We do not use tracking cookies. There is no Google Analytics, no Meta Pixel, no Facebook Login and no advertising-related identifier. A cookie banner is therefore not legally required, but this section informs you transparently about all client-side storage we use.

8. Data Retention

We store your data only for as long as necessary for the purposes set out above, or as required by law:

• Account and content data: until you delete your account; you may request deletion at any time.

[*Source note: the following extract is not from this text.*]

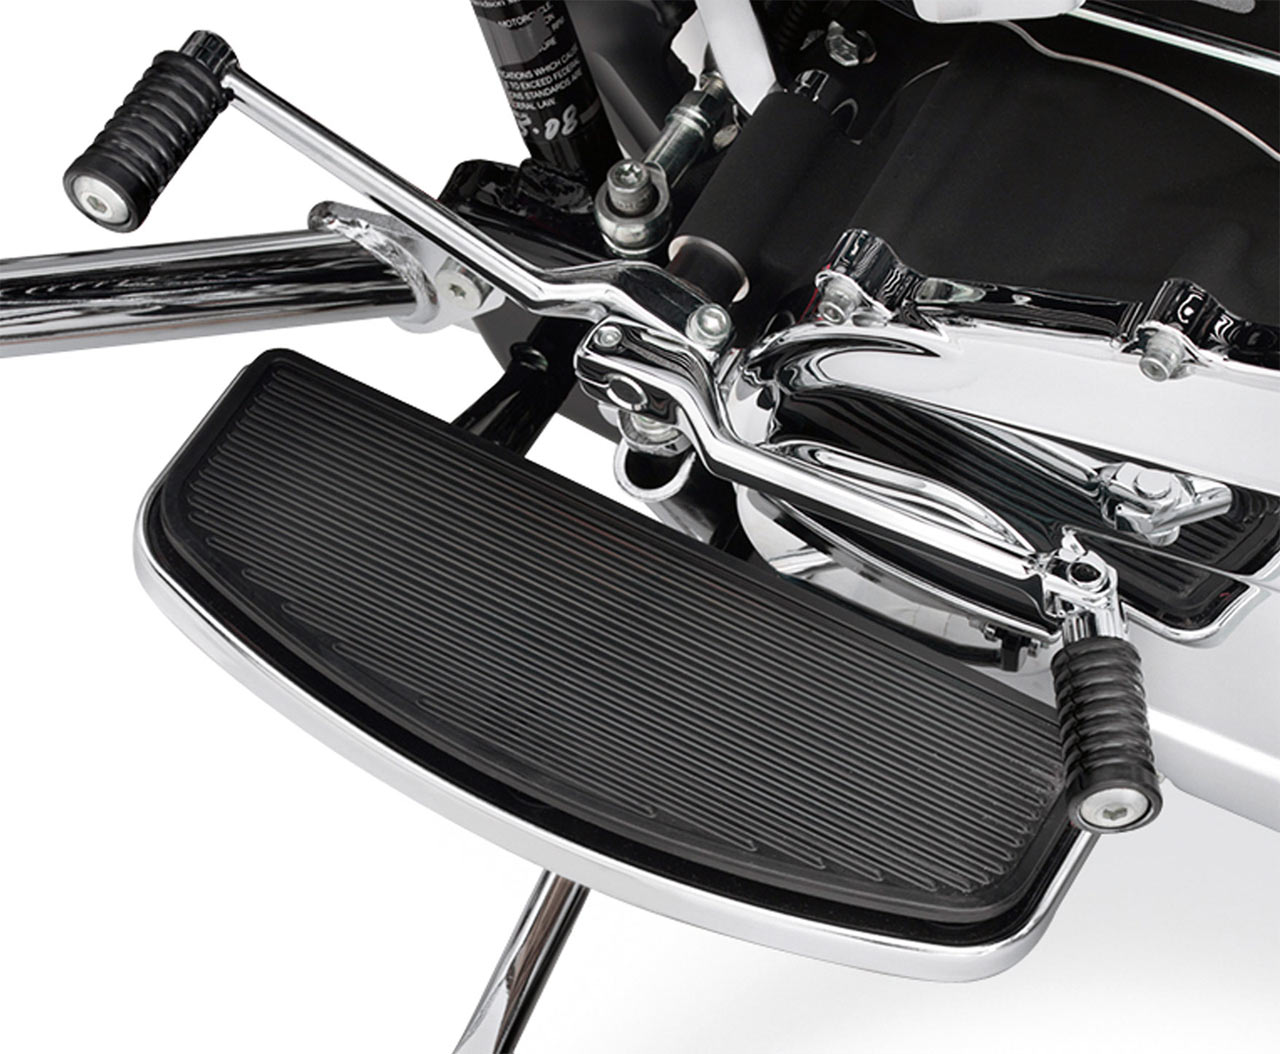 33876 07 Folding Heel Shifter At Thunderbike Shop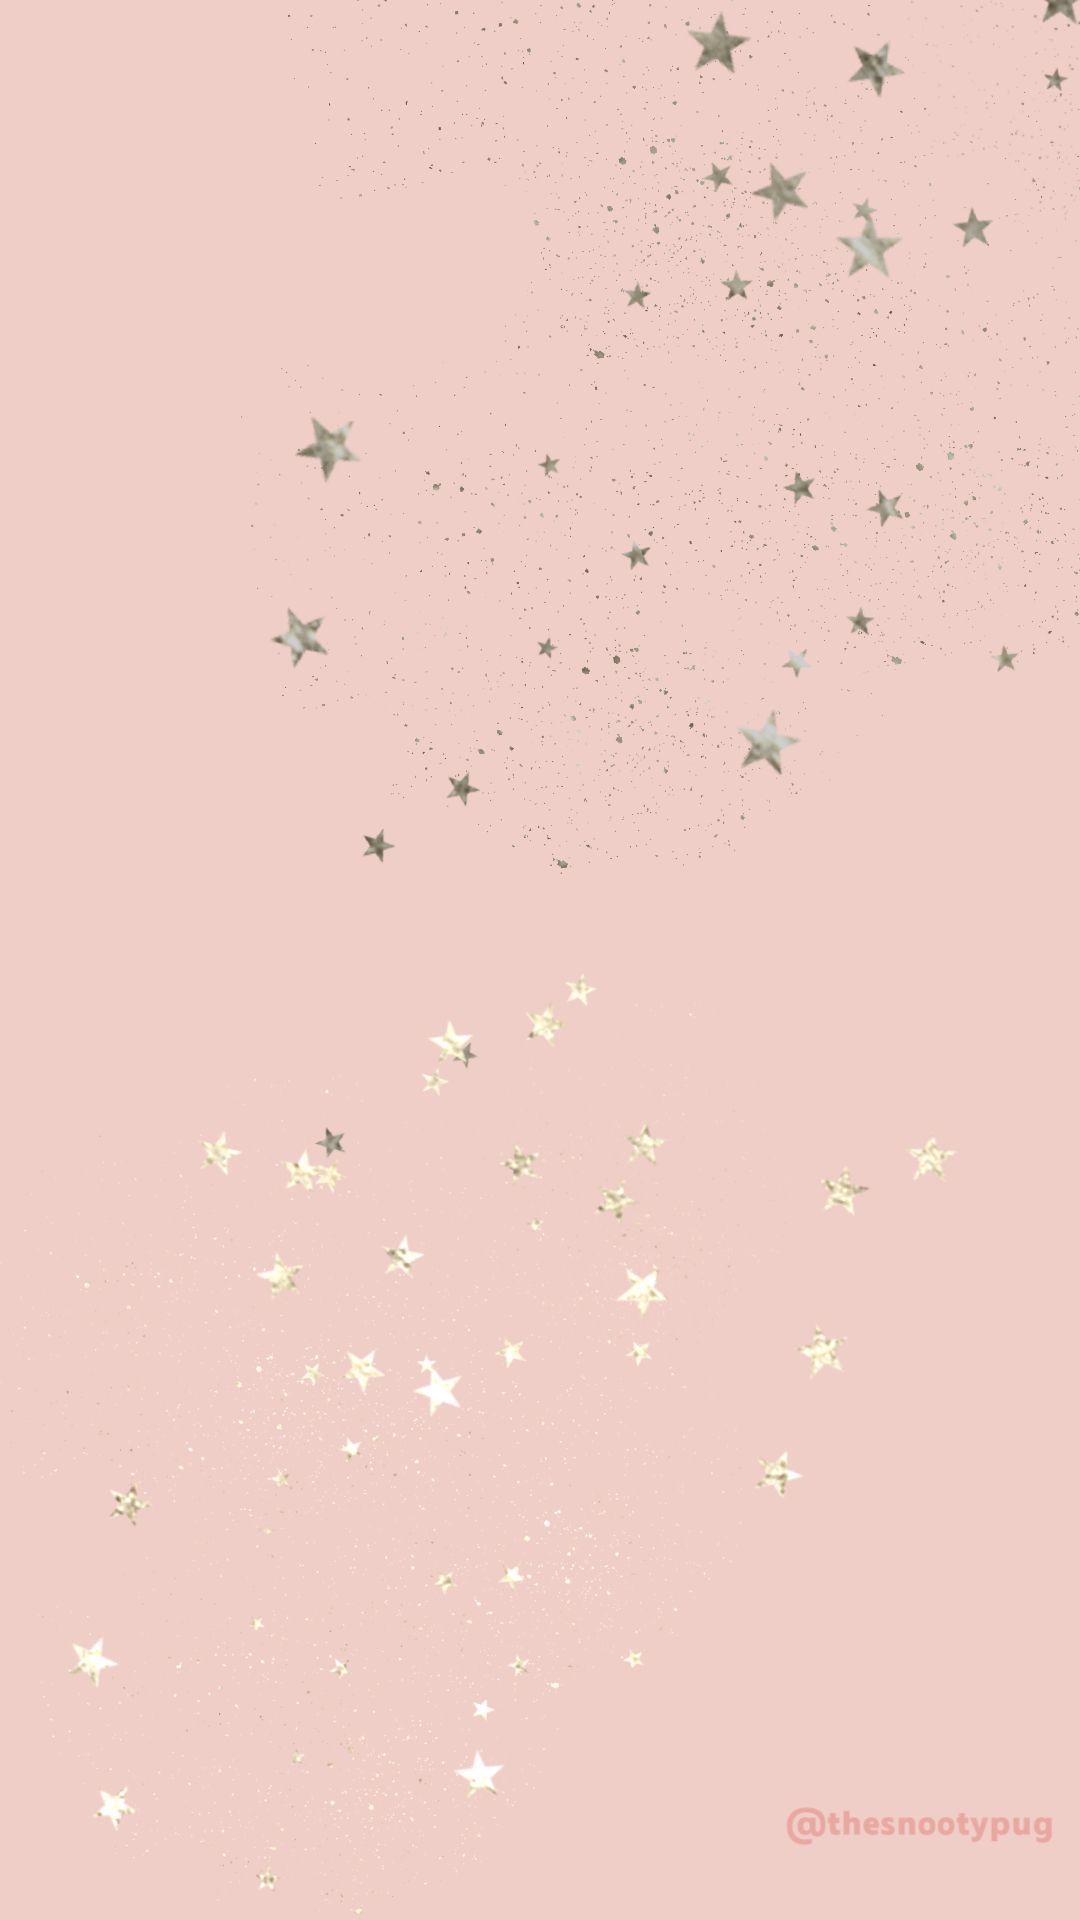 papier peint rose étoiles. Star wallpaper, iPhone background wallpaper, iPhone background

After cancellation, content is deleted within 30 days
• Payment records: ten years under Swiss commercial law and tax law (CO Art. 958f, DBG Art. 126)
• Server logs: up to 30 days
• Sentry error reports: 30 days (Sentry default retention)
• Newsletter subscription: until you unsubscribe

9. Your Rights

You have the right to:

• Access the personal data we hold about you
• Correct inaccurate data
• Delete your data (where no legal retention obligation applies)
• Restrict processing
• Receive your data in a structured, portable format — you can export your flows as JSON from within the platform
• Object to processing based on legitimate interest (particularly Sentry and audience measurement)
• Withdraw consent previously given, with effect for the future
• Lodge a complaint with the competent supervisory authority — in Switzerland, the Federal Data Protection and Information Commissioner (FDPIC); in the EU, your local data protection authority

To exercise any of these rights, please contact us at membership@yoga-journaling.com.

10. Data Security

We take appropriate technical and organisational measures to protect your data against unauthorised access, loss and tampering, including:

• End-to-end transport encryption via HTTPS with HSTS
• Content Security Policy (CSP), X-Frame-Options and other modern HTTP security headers
• Row Level Security (RLS) on all database tables, with separate policies per role
• Encrypted password storage via bcrypt; multi-factor authentication available
• Database triggers preventing privilege escalation by users
• API endpoints authenticated via Bearer tokens
• Stripe webhook signature verification
• Daily database backups with 7-day retention
• Email authentication: SPF and DMARC are configured; DKIM is in preparation

Despite all due care, complete security on the internet cannot be guaranteed.

11. Changes to This Policy

We may update this Privacy Policy from time to time, for example when we add new features or when legal requirements change. The current version is always available on this page. We will notify you by email of any material changes.